設定ファイル/etc/sysconfig/vncserversを編集します。「-geometry」オプションには表示する画面サイズを指定します。

/etc/sysconfig/vncservers

VNCSERVERS="1:root"
VNCSERVERARGS[1]="-geometry 1024x768"

rootユーザに対して、VNC接続用パスワードを設定します。

# vncpasswd
Password:
Verify:

複数の一般ユーザでVNCを利用する場合は、設定ファイルに複数のユーザを指定します。ユーザ名の前の数字は使用するコンソール番号になります。

VNCSERVERS="1:user01 2:user02 3:user03"	
VNCSERVERARGS[1]="-geometry 1024x768"	
VNCSERVERARGS[2]="-geometry 1024x768"	
VNCSERVERARGS[3]="-geometry 1024x768"	

VNC接続用パスワードは、ユーザごとにvncpasswdコマンドで設定しておきます。

vncserverサービスを起動します。

# chkconfig vncserver on
# service vncserver start	

VNC Viewerからの接続には、「5900+コンソール番号」のTCPポートを使用します。iptablesでパケットフィルタリングを行う際は該当ポートの通信を許可しておきます。次は、5901番ポートへの接続許可を追加する例です。

/etc/sysconfig/iptables

-A INPUT -m state --state NEW -m tcp -p tcp --dport 22 -j ACCEPT
-A INPUT -m state --state NEW -m tcp -p tcp --dport 5901 -j ACCEPT  # この行を追加

iptablesサービスを再起動して設定変更を反映します。この後、libvirtdをリロードする必要がありますので注意してください。

# service iptables restart
# service libvirtd reload

これで準備完了です。VNC Viewerで「サーバのIPアドレス:コンソール番号」に接続して、該当のコンソール番号のユーザのパスワードを入力します。

SSHトンネル経由でVNCを使用する

上記の手順でVNCを使用する場合、VNC Viewerとの通信は暗号化されずに行われるため、画面表示の内容を盗聴される恐れがあります。暗号化通信の下にVNCを利用するには、次の手順を取ります。

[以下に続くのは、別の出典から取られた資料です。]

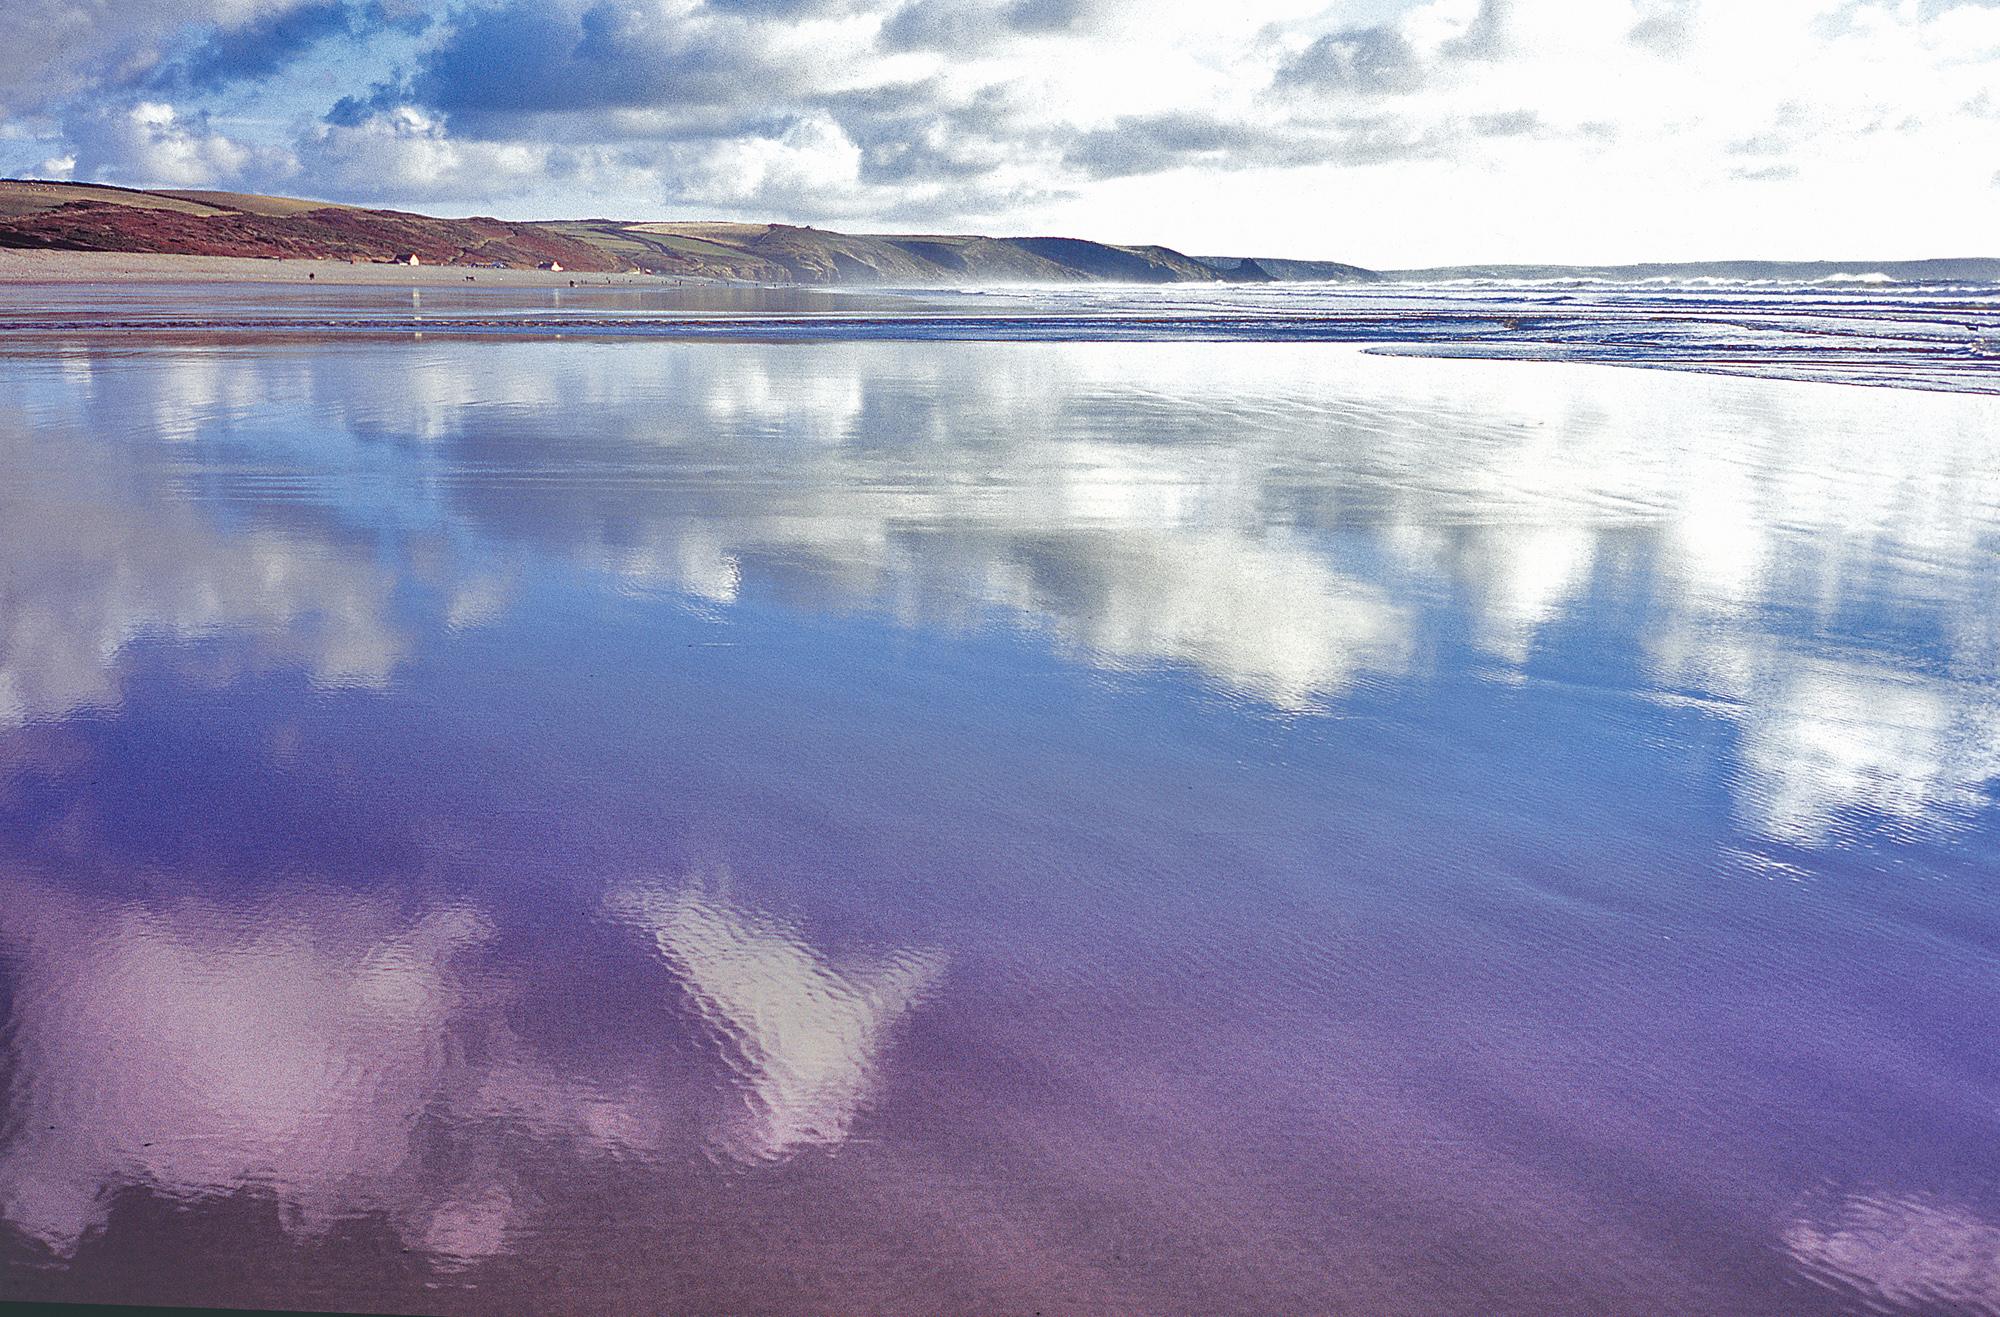 Winter Newgale beach

設定ファイル/etc/sysconfig/vncserversにオプション「-nolisten tcp -localhost」を指定します。これにより、ローカルホストからのみ接続を受け付けます。

/etc/sysconfig/vncservers

VNCSERVERS="1:root"
VNCSERVERARGS[1]="-geometry 1024x768 -nolisten tcp -localhost"

Windowsからは、TeratermなどのSSHターミナルのポートフォワード機能を利用して、VNC接続を行います。Teratermの場合であれば、「設定」→「SSH転送」を選択して、「追加」を押した後に、下図のように入力します。

この後、TertermからKVMホストにSSHでログインして、この端末を開いたままにします。この状態で、WindowsのVNC Viewerから「localhost:10000」に接続すると、KVMホストにSSHトンネル経由でパケットが転送されて、VNC接続が行われます。